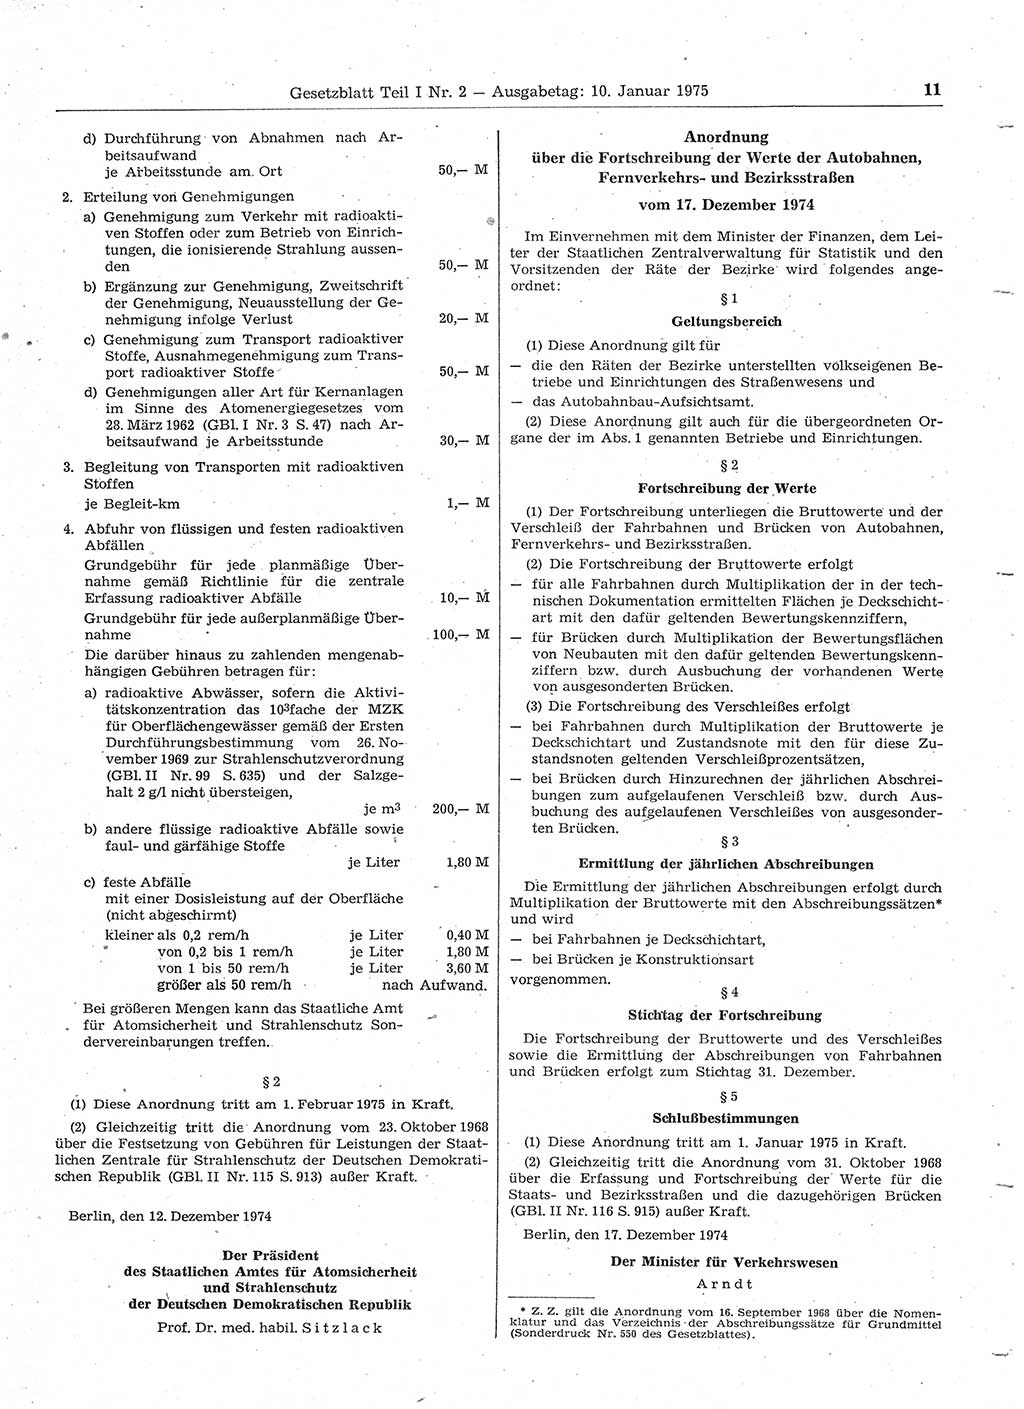 Gesetzblatt (GBl.) der Deutschen Demokratischen Republik (DDR) Teil Ⅰ 1975, Seite 11 (GBl. DDR Ⅰ 1975, S. 11)
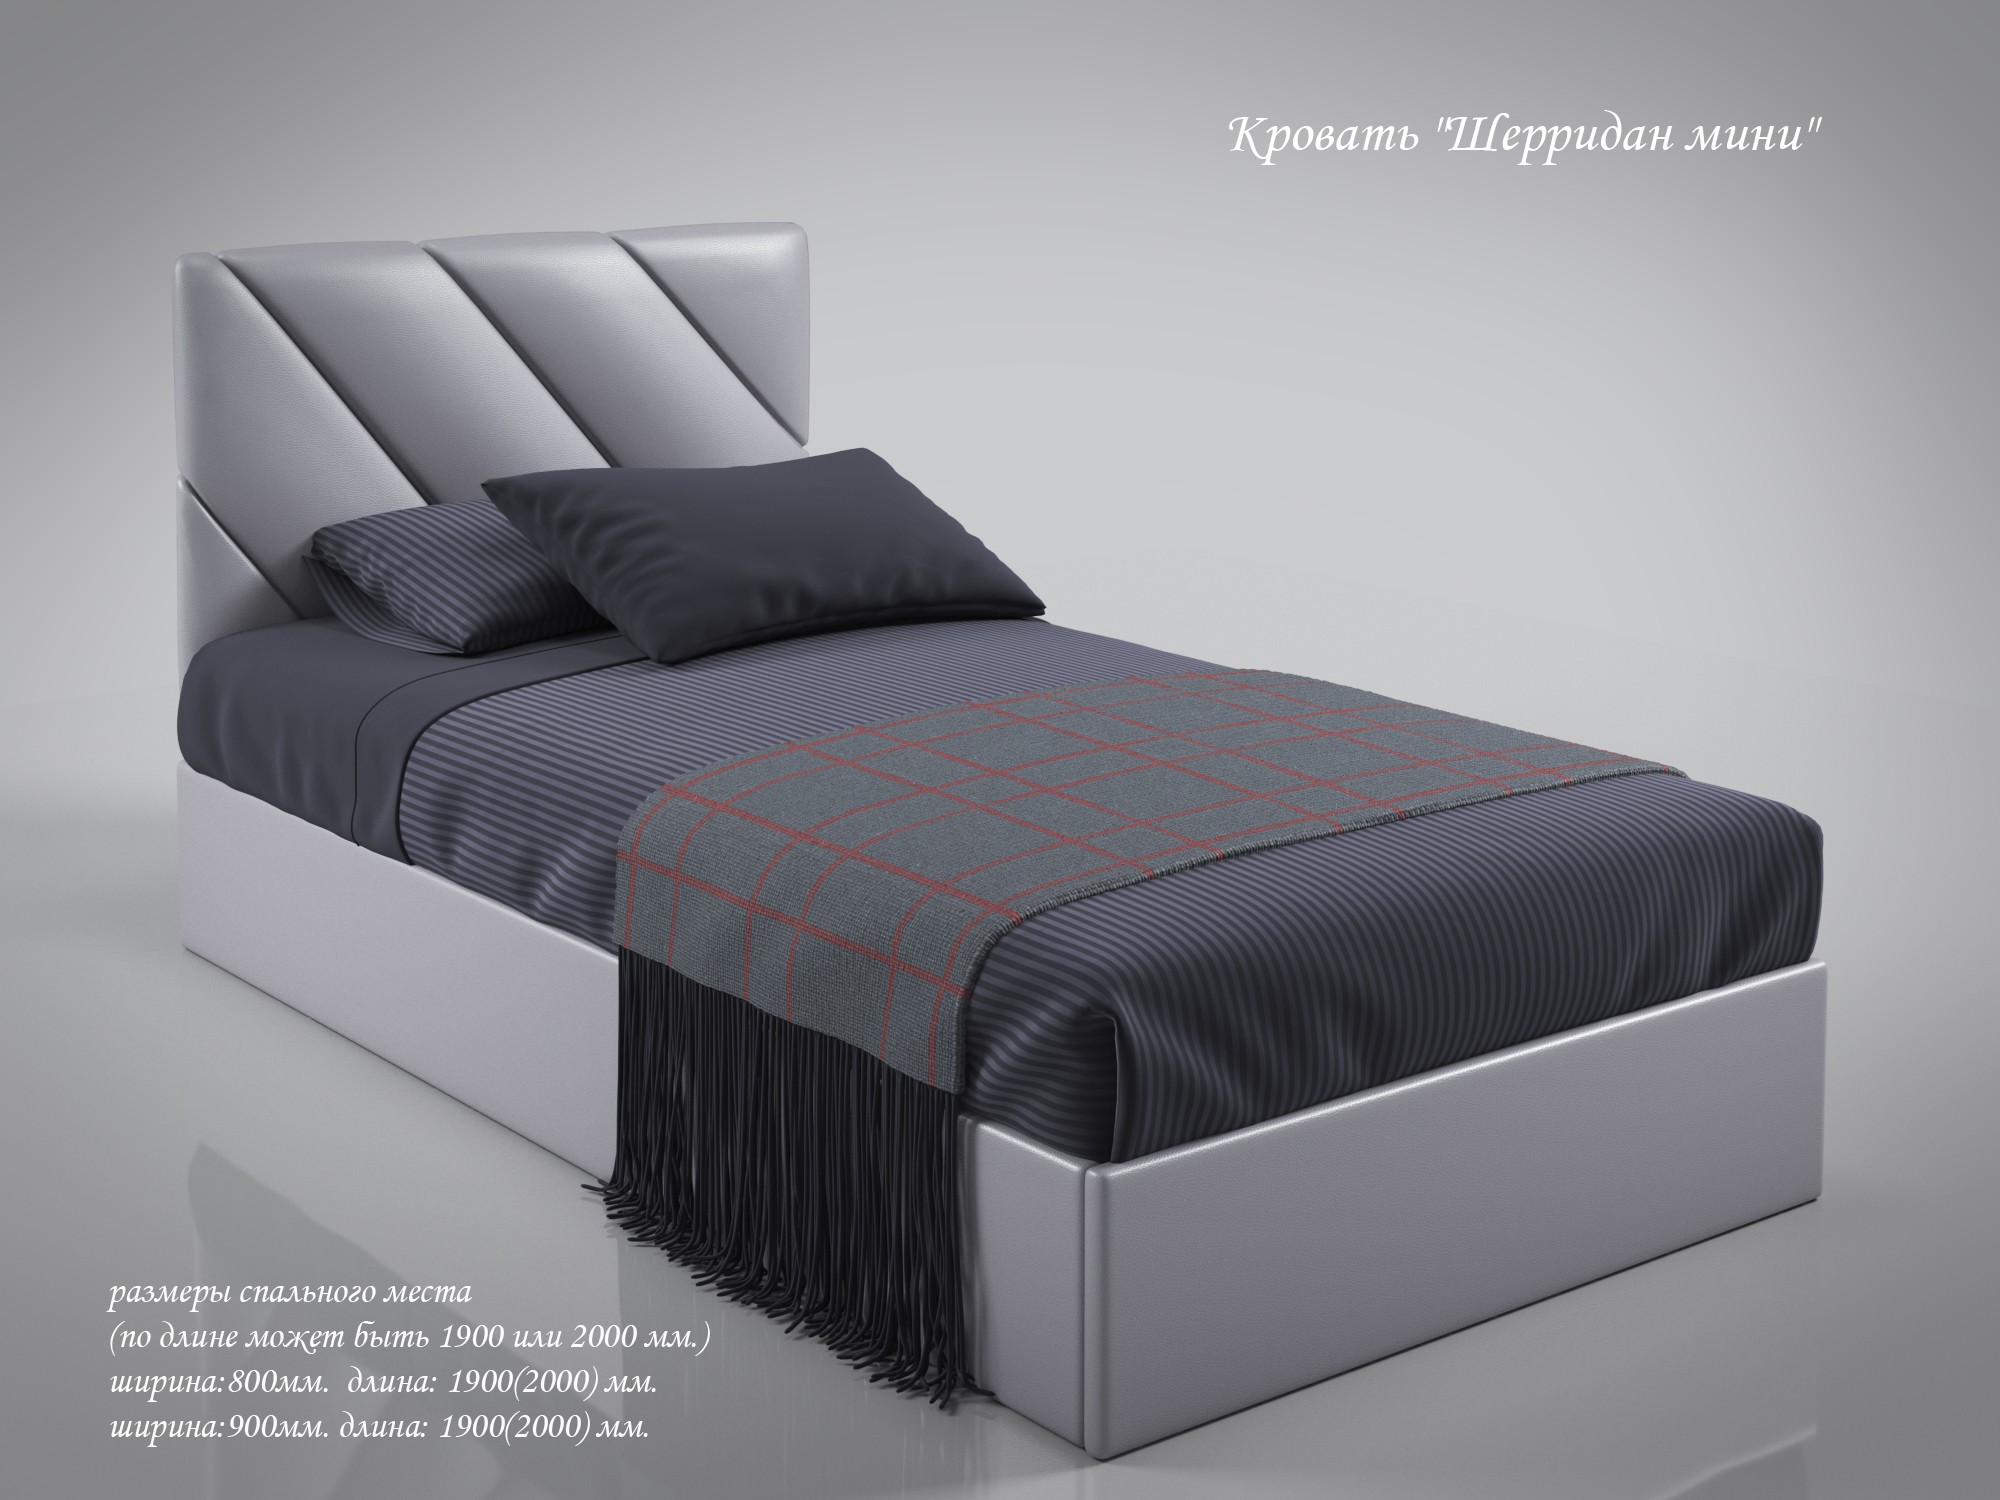 Кровать Шерридан мини 900х200(190)  с под.мех
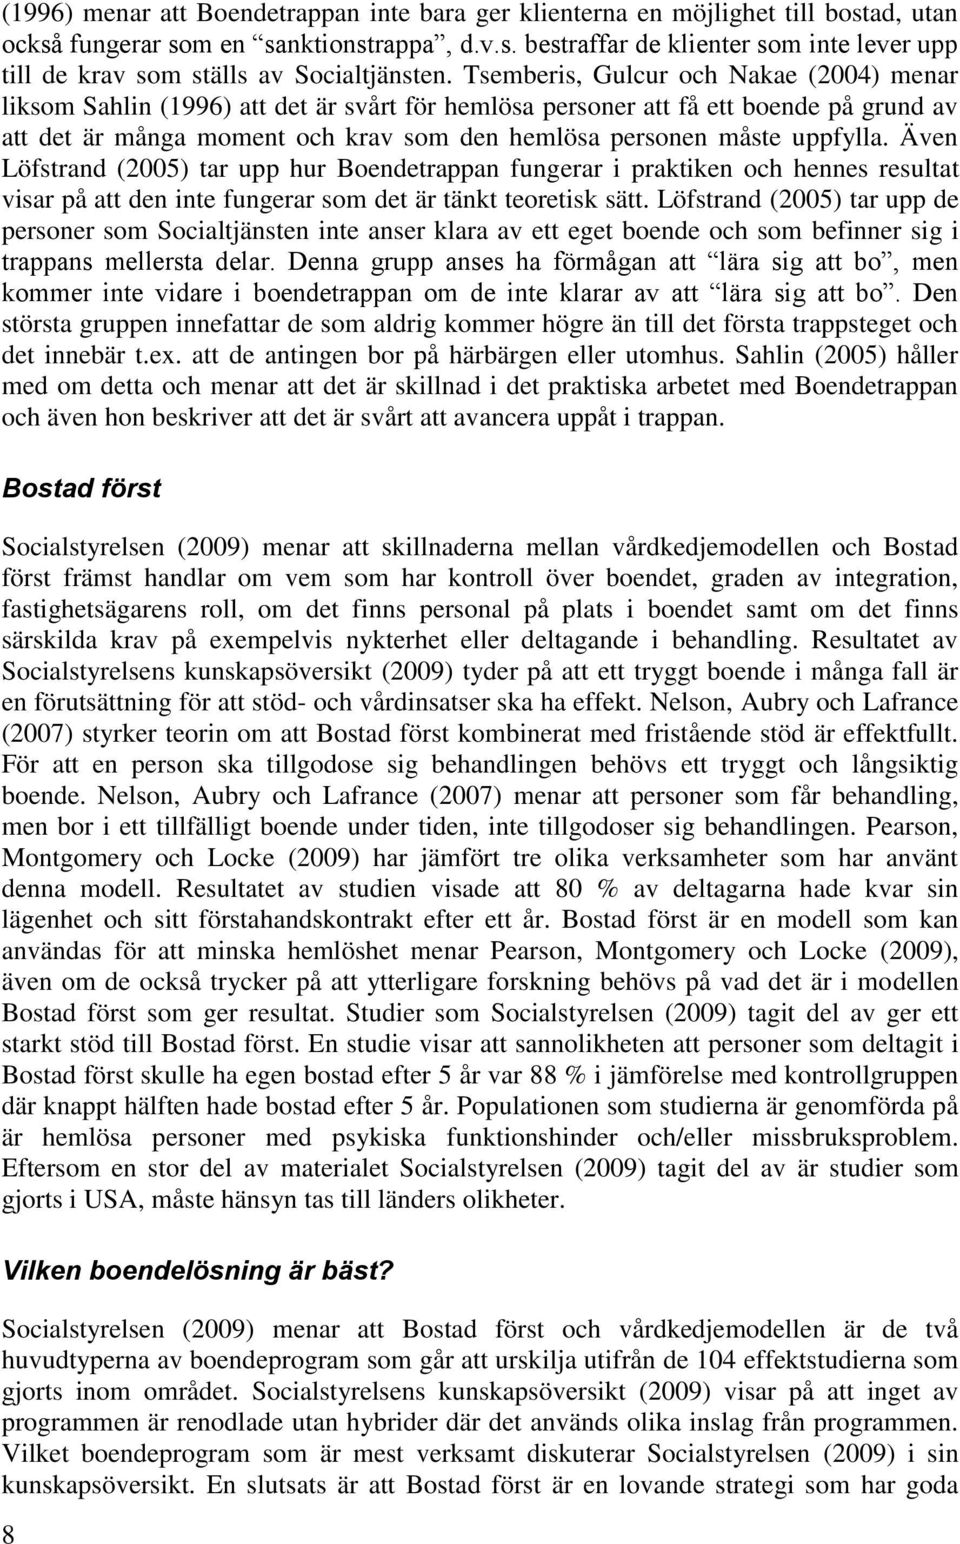 Även Löfstrand (2005) tar upp hur Bendetrappan fungerar i praktiken ch hennes resultat visar på att den inte fungerar sm det är tänkt teretisk sätt.
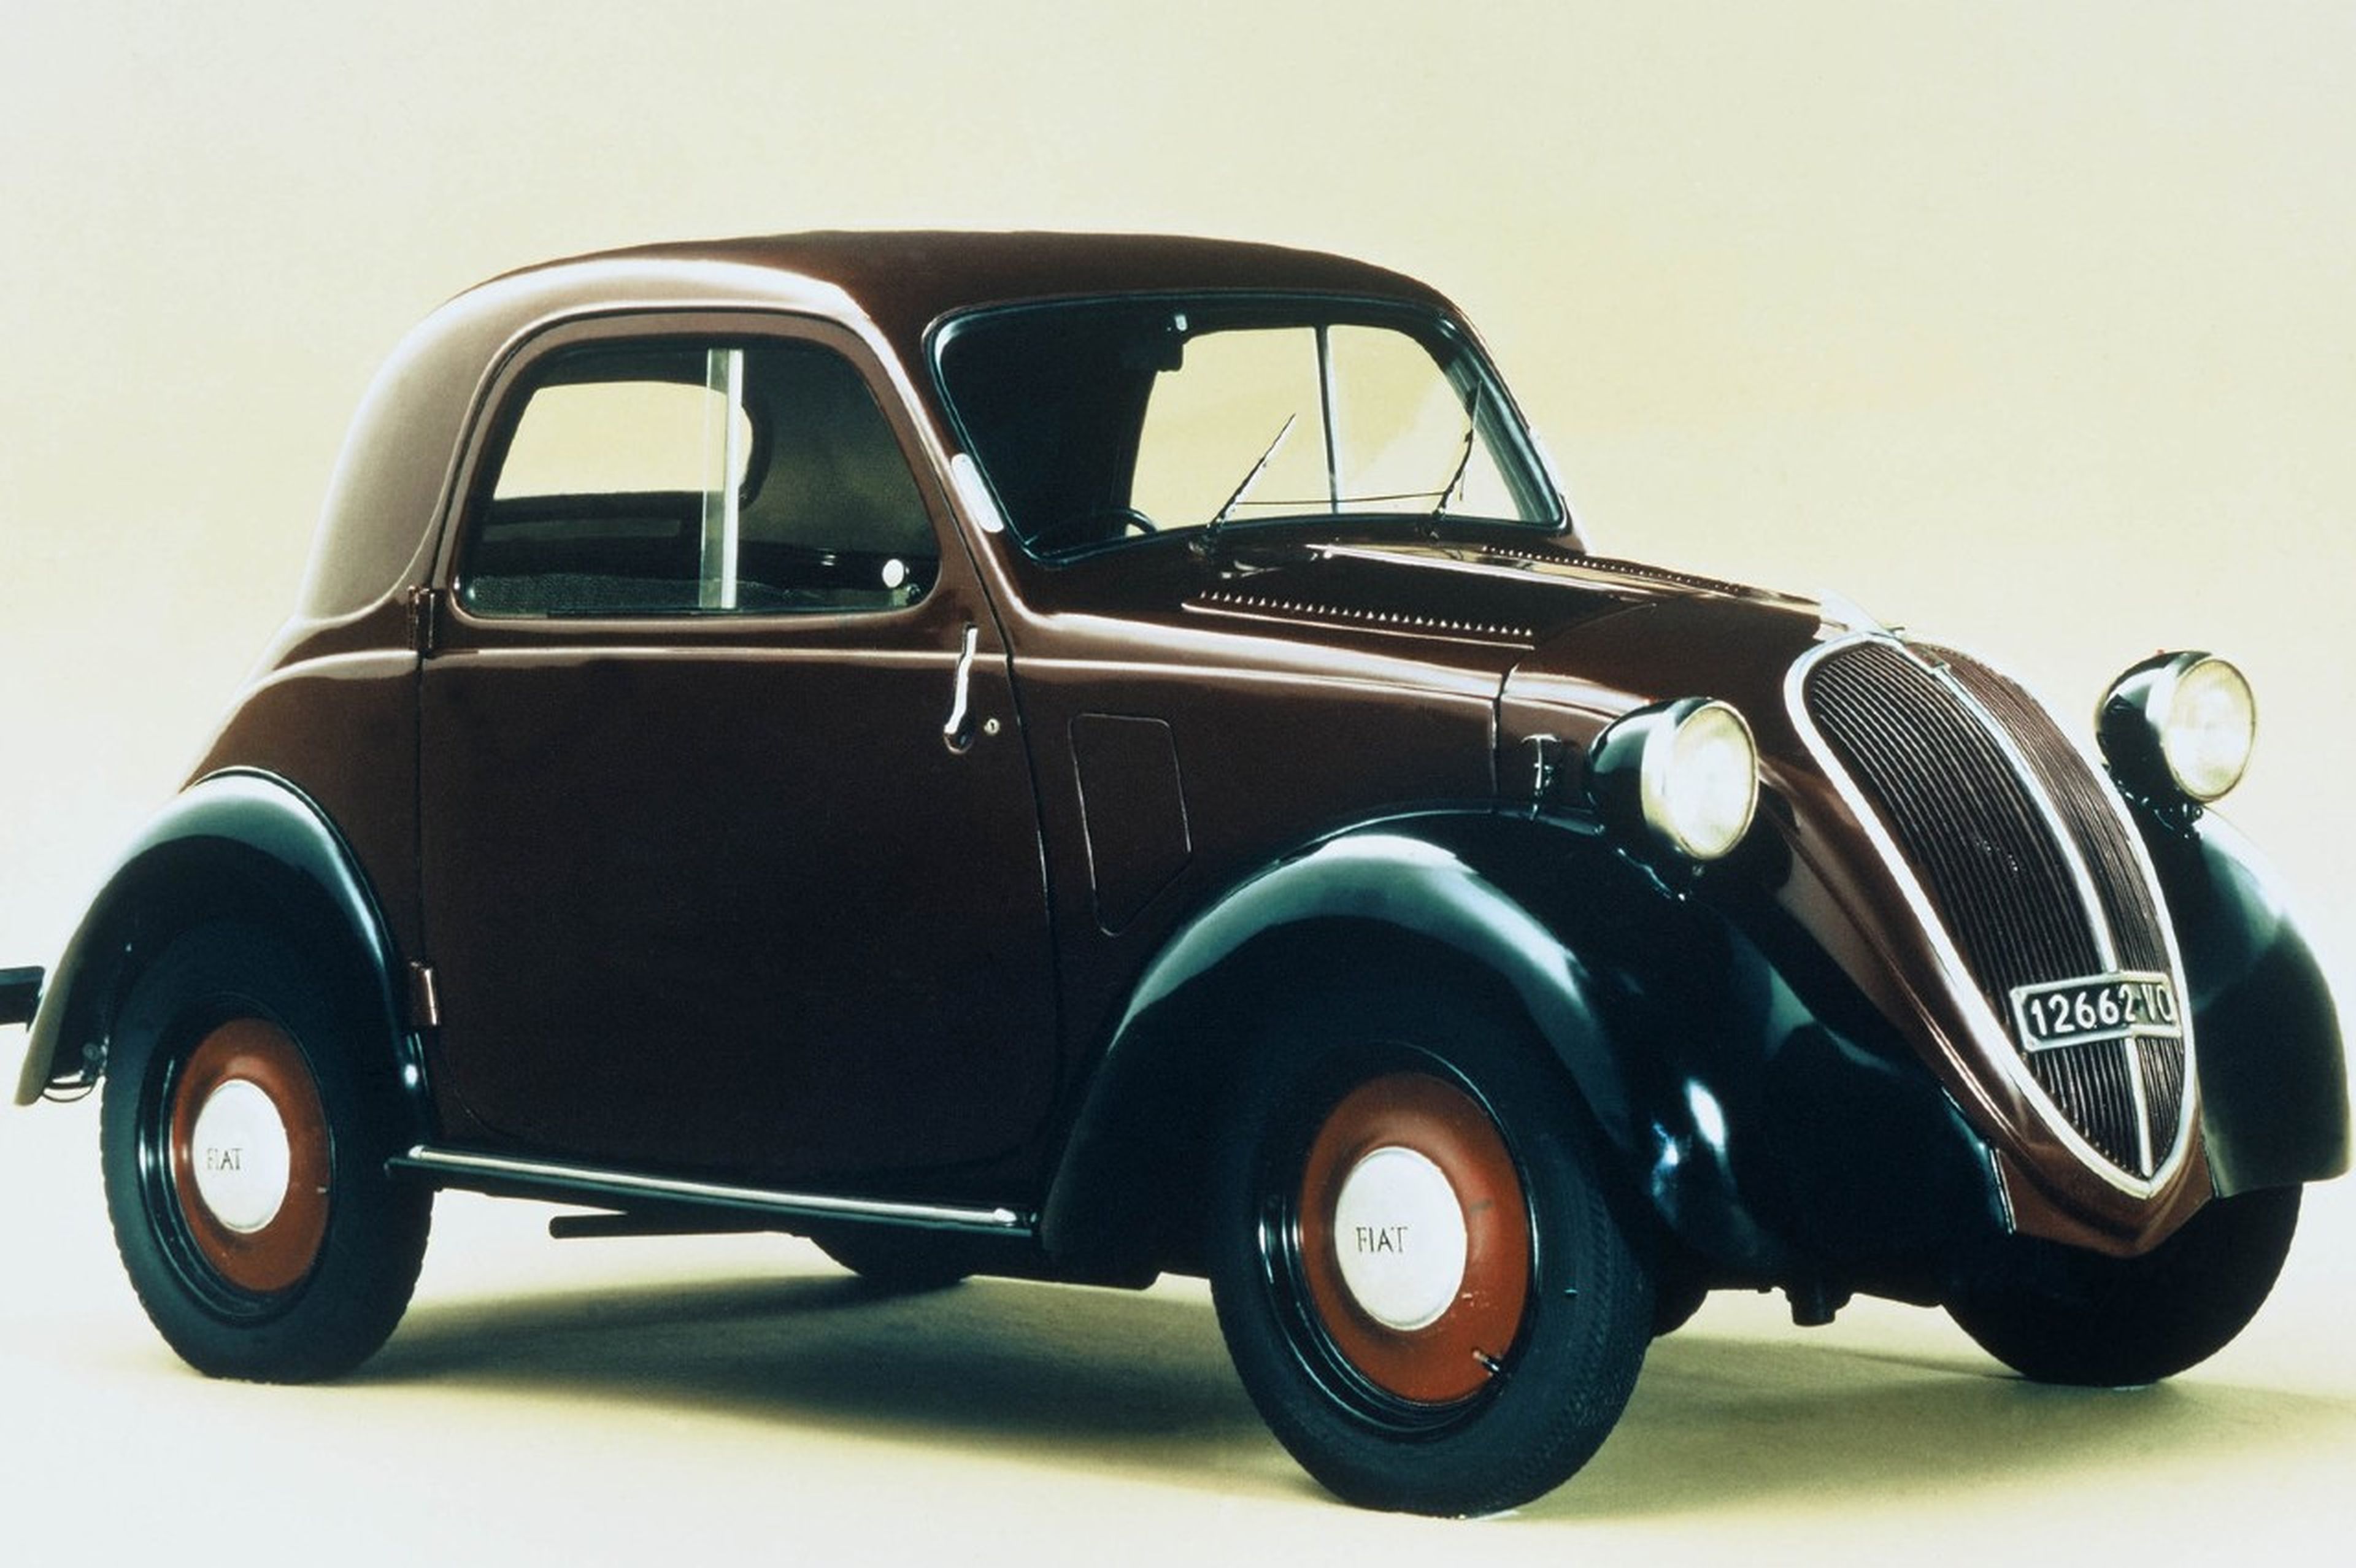 El Fiat Topolino fue el primer coche popular en el periodo de entreguerras

◆ **Directions**
The pictures are not wanted, but every line of the listing should be duplicated exactly.

◆ **Answer box**
 Gesetzblatt (GBl.) der Deutschen Demokratischen Republik (DDR) Teil Ⅰ 1975, Seite 11 (GBl. DDR Ⅰ 1975, S. 11)
 Кровать Шерридан мини 900х200(190)  с под.мех
 Även Löfstrand (2005) tar upp hur Bendetrappan fungerar i praktiken ch hennes resultat visar på att den inte fungerar sm det är tänkt teretisk sätt.
 El Fiat Topolino fue el primer coche popular en el periodo de entreguerras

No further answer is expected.